Telescopes in space and across Earth captured the spectacular aftermath of NASA’s DART spacecraft crashing into the asteroid Dimorphos on 26 September. The smash-up was “the first human experiment to deflect a celestial body”, says Thomas Zurbuchen, NASA’s associate administrator for science, and “an enormous success”.
“We’re all pretty stoked here,” says Andy Rivkin, a planetary scientist at the Johns Hopkins University Applied Physics Laboratory in Laurel, Maryland, who works on the mission.
A ringside view came from LICIACube, a tiny Italian spacecraft that flew along with DART and photographed the impact, which took place 11 million kilometres from Earth. LICIACube’s first images, released by the Italian Space Agency on 27 September, show a large fireworks-like plume coming off Dimorphos after DART had ploughed into it. The cloud of rocks and other debris expanded quickly, like a giant puff of smoke.
Studying the plume’s evolution will shed light on the physical properties of Dimorphos, Elisabetta Dotto, LICIACube’s science team lead at the National Institute for Astrophysics in Rome, said at a press briefing.

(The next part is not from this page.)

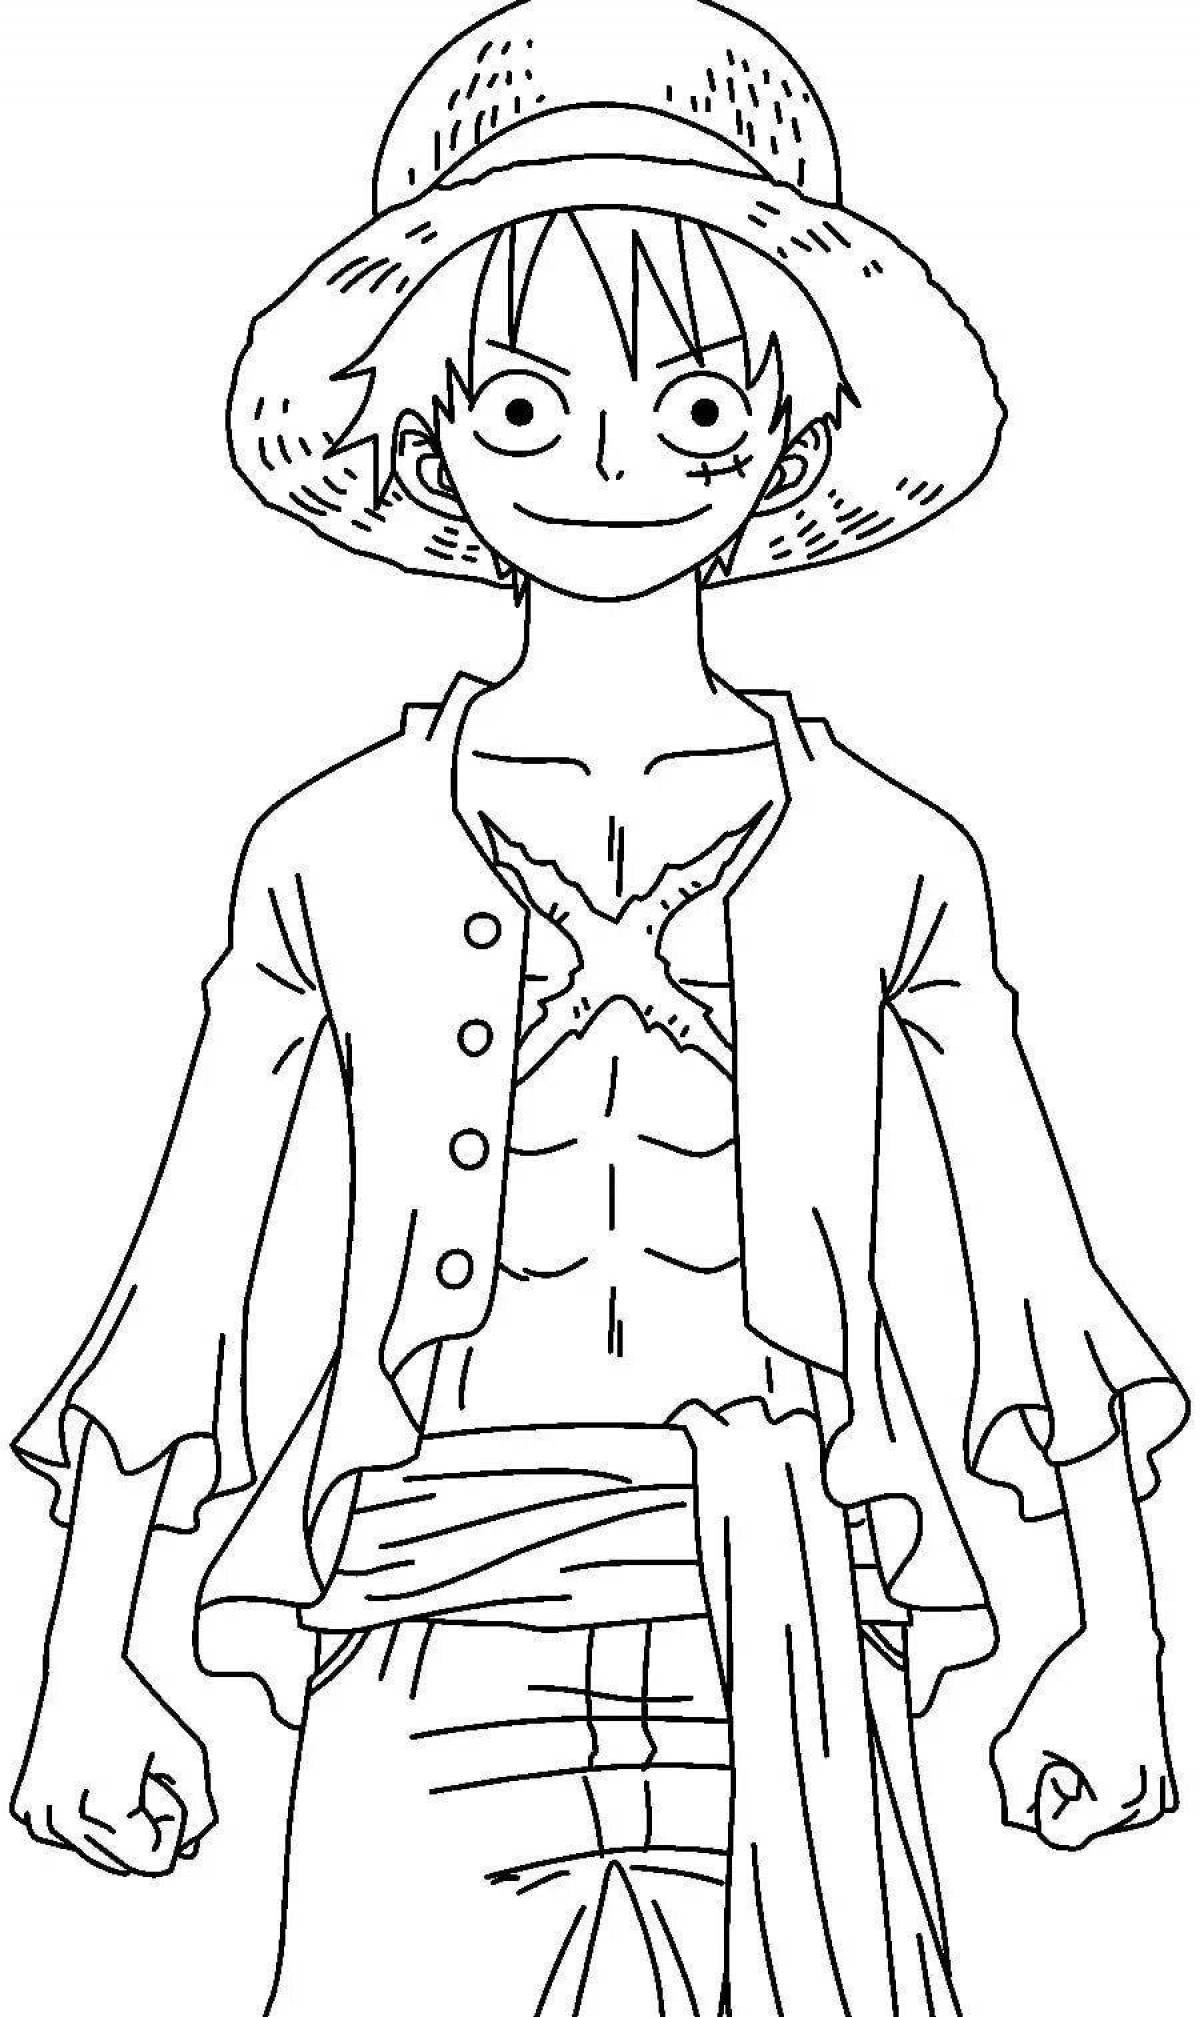 Luffy one piece coloring book

By analysing how the plume formed and dispersed, researchers can calculate how much of DART’s kinetic energy went into ejecting debris from Dimorphos, and how much might have gone into altering the asteroid’s orbit—the goal of the mission.
This sped-up video showcases the final five minutes of imagery relayed to Earth by the DART spacecraft as it flew past the asteroid Didymos to impact Didymos’s moonlet, the smaller asteroid Dimorphos. Credit: NASA/Johns Hopkins APL
The spacecraft itself is finished. “A lot of it is pulverized, and some of it is melted,” says Megan Bruck Syal, a physicist at the Lawrence Livermore National Laboratory in California. “It’s hard to say, but I don’t think there will be large chunks left.”

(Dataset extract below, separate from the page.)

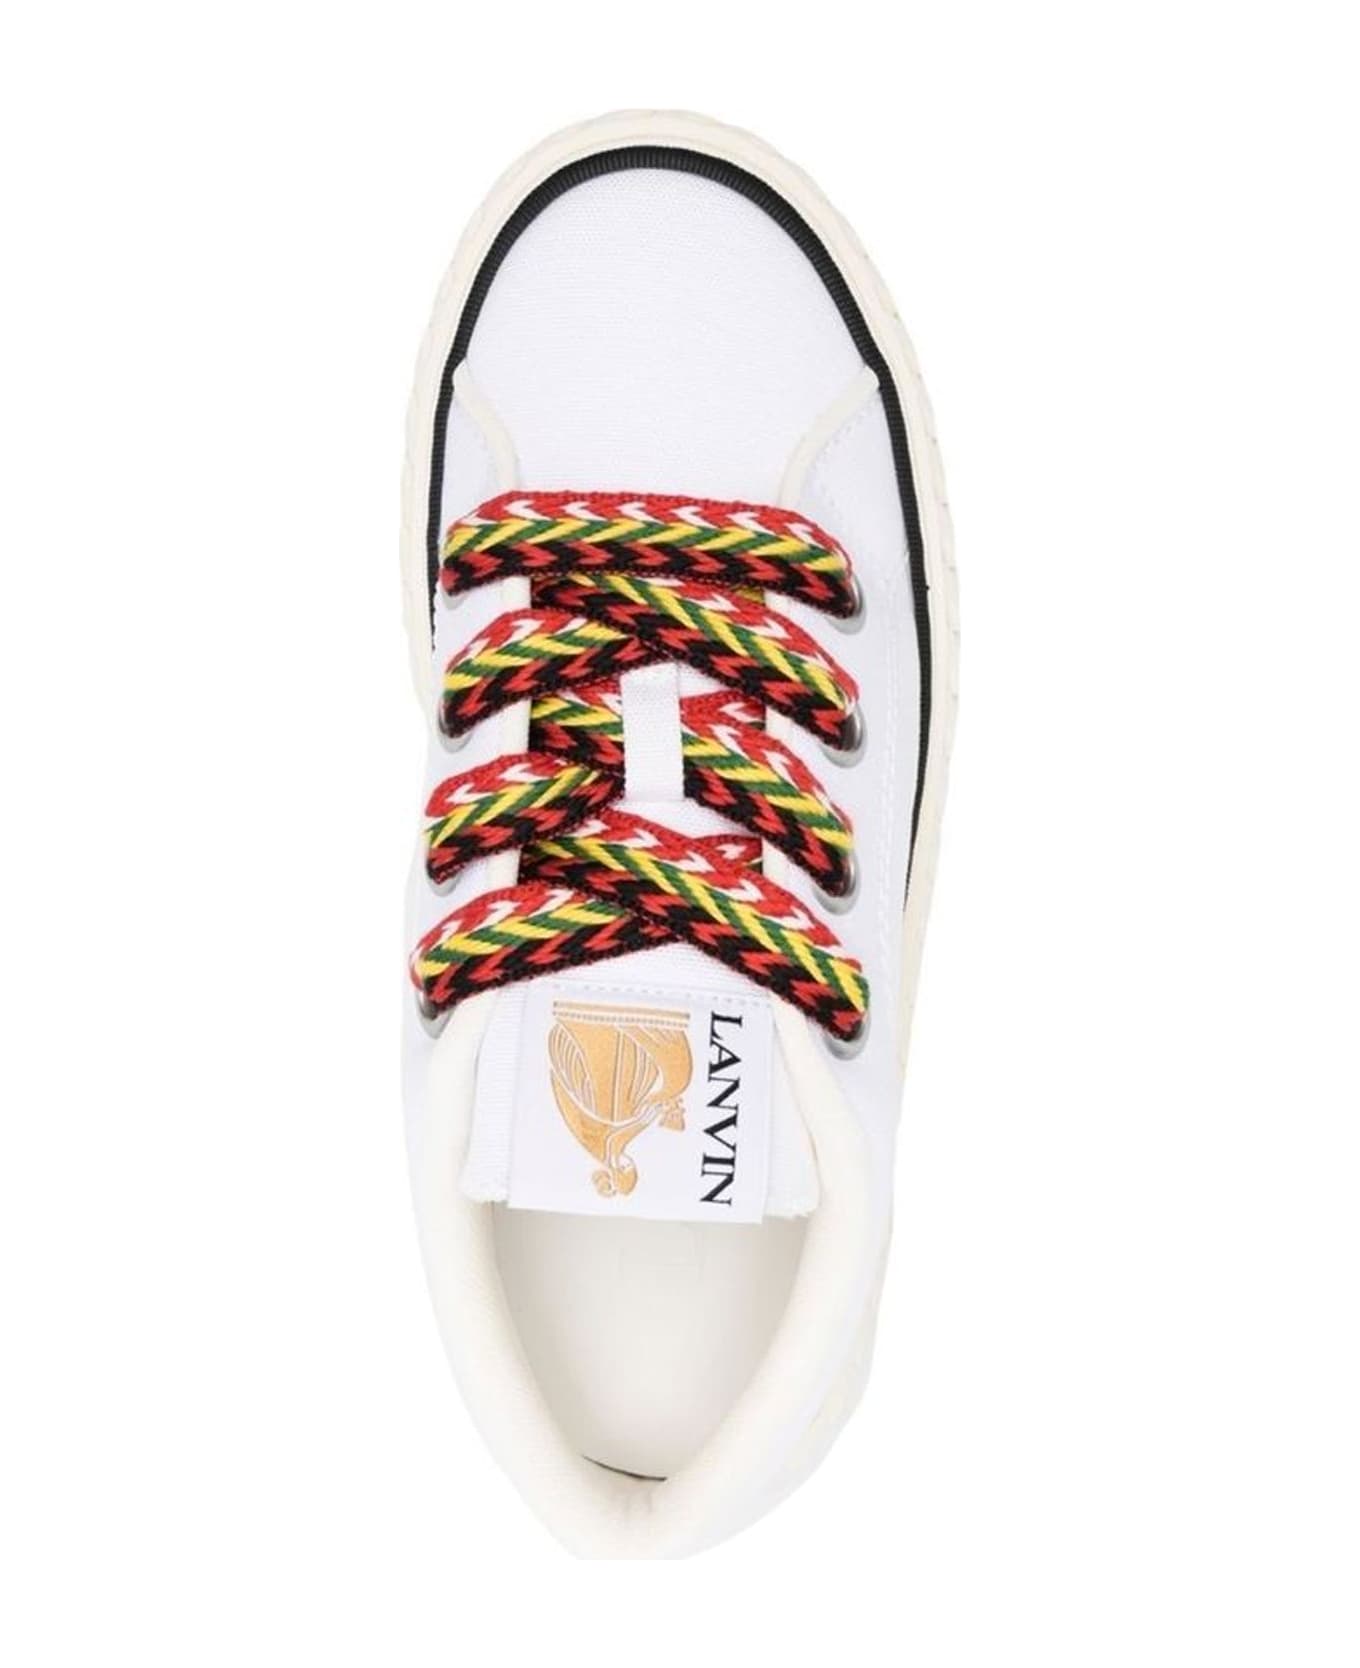 Lanvin Cotton Lace-up Sneakers - White ウェッジシューズ

LICIACube, which is Italy’s first deep-space mission, used an autonomous guiding technique to keep its cameras locked on Dimorphos as it whizzed past in the aftermath of the DART crash, just 55 kilometres from the asteroid. It used two cameras—a black-and-white one named LEIA and a three-colour one named LUKE—to photograph Dimorphos before and after the crash. The pictures show a dramatic brightening at the time of impact, then the plume expanding and drifting outwards in the minutes that followed. The intricate structures in the debris plume—almost “spidery” in places, Bruck Syal says—will help modellers to understand exactly how the impact unfolded.

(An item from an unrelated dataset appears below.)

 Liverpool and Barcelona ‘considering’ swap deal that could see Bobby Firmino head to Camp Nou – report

More than 600 images are still on board LICIACube, waiting to be downloaded to Earth in the coming weeks.
A ‘big jumble of rocks’
DART, which is the size of a golf cart, hit its Great Pyramid-sized target at 7.14 p.m. US Eastern time. The first images from LICIACube arrived in a control centre in Turin, Italy, just over three hours later.
Despite the huge plume of ejected debris, Dimorphos remains mostly intact. Ground-based telescopes confirmed this by capturing other views of the impact, which show the plume puffing outwards as the rest of the asteroid hurtled onwards. Dimorphos is currently visible chiefly from the Southern Hemisphere, so these initial observations came from telescopes in locations such as Réunion Island in the Indian Ocean, and South Africa. Dozens of telescopes continue to monitor it, to determine whether its trajectory has changed.
It will take days to weeks for astronomers to confirm whether DART accomplished its main goal, which is to speed up the orbit of Dimorphos around its partner asteroid, Didymos—by perhaps 10 or more minutes. Neither asteroid is a threat to Earth, but the point of the test is to see whether humanity could indeed alter the trajectory of an asteroid, should a dangerous space rock be discovered heading towards Earth in the future.
Dimorphos had never been viewed up close before DART arrived. As the spacecraft zoomed nearer and nearer, it discovered that the asteroid is egg-shaped. DART snapped a series of images during its descent, revealing that Dimorphos is also covered in boulders. “It’s pretty clearly a rubble pile,” Rivkin says. “Just a big jumble of rocks.”